Hmmm... here comes my late answer again, hope you still remember what we were
tailking about... ;-)
Post by Christian Stocker
Post by Simon Rönnqvist
Post by Christian Stocker
BXE shows what you mean in a manner that it will look like what you
will get on the webpage. if you reuse the content on a different palce
(PDA, PDF, whatever), it will of course look differently, but I think
the users can abstract that.
My fear (as I mentioned earlier) is that people would be tempted to
choose the semantic marking according to looks instead of meaning.
Just give it meaningful names, remove bold/etc, and they can't do that :)
Well, I'm actually intending to do that.
But still there might be a chance that the author would notice certain kinds
of behaviour (or let's say looks) when using a certain kind of tag, and
thereby start to misuse those tags.

On the other hand, if the user really wants to he/she can still see the final
behaviour of certain markings from the actual web page he/she is editing
anyways. But at least not showing the final looks in the editor could make
the idea that he/she isn't supposed to be editing looks, only semantics and
content a bit clearer.
Post by Christian Stocker
Post by Simon Rönnqvist
Post by Christian Stocker
How would a WYSIWYM Editor look like in your opinion? On the web, I mean :)

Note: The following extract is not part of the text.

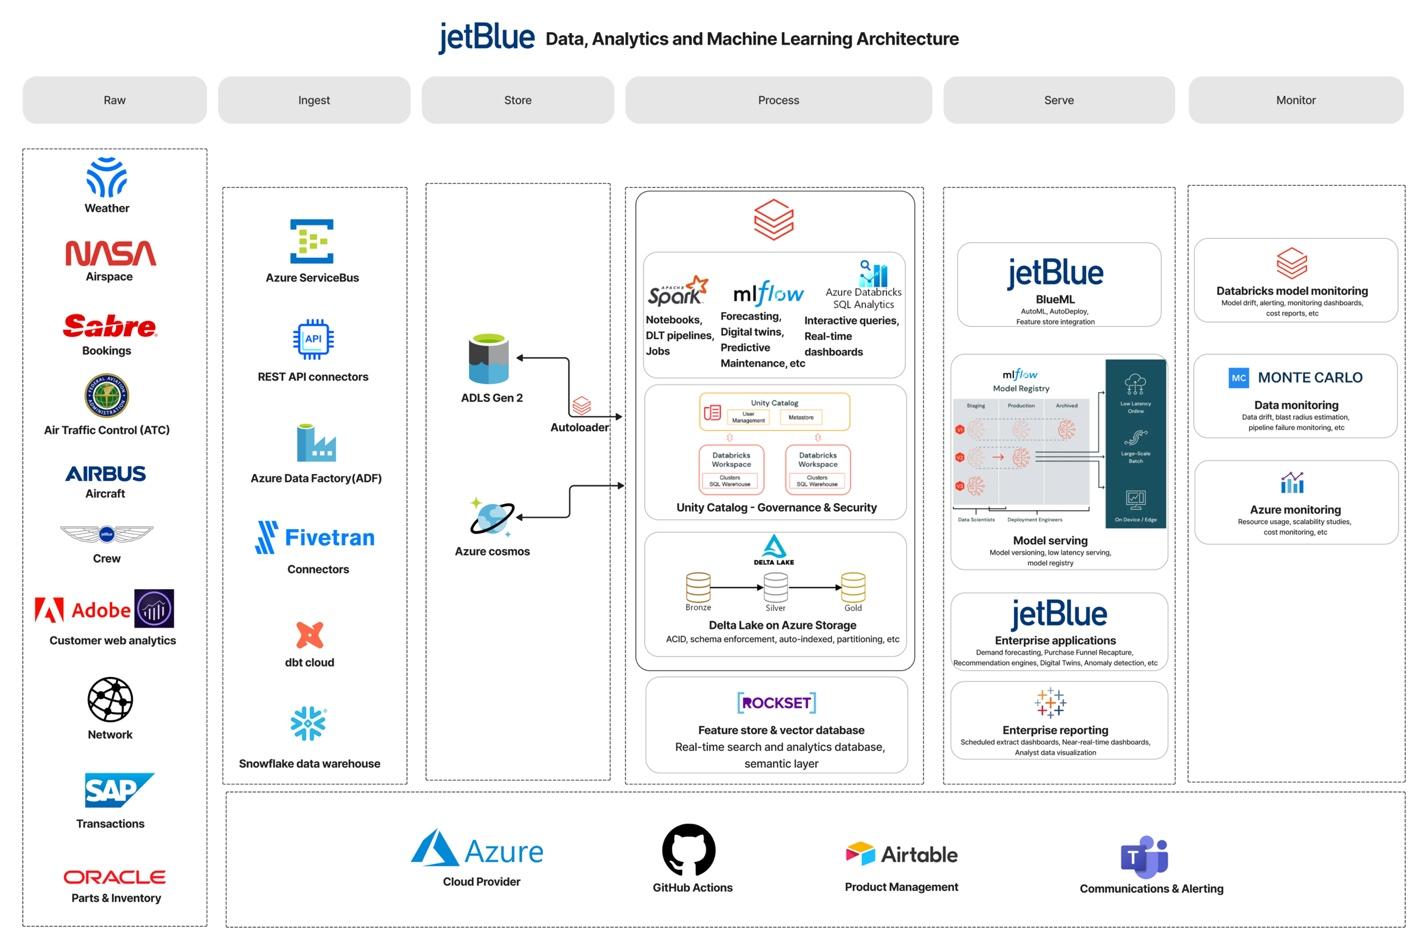 JetBlue data, analytics and machine learning architecture

Kind of like LyX. Or let's say kind of like BXE without showing how the
page would look, but instead just indicating the semantics. I think there
should be some kinds of web-based WYSIWYM:s around, but I haven't checked
them out yet.
Maybe the tag mode (without wysiwyg formatting) would be something for
you then. It has to be improved (it doesn't do live updates right now),
but that could be a way to what you want
Well I'd be interested in trying it out.
How do I do that?

With what purpose in mind did you develop this?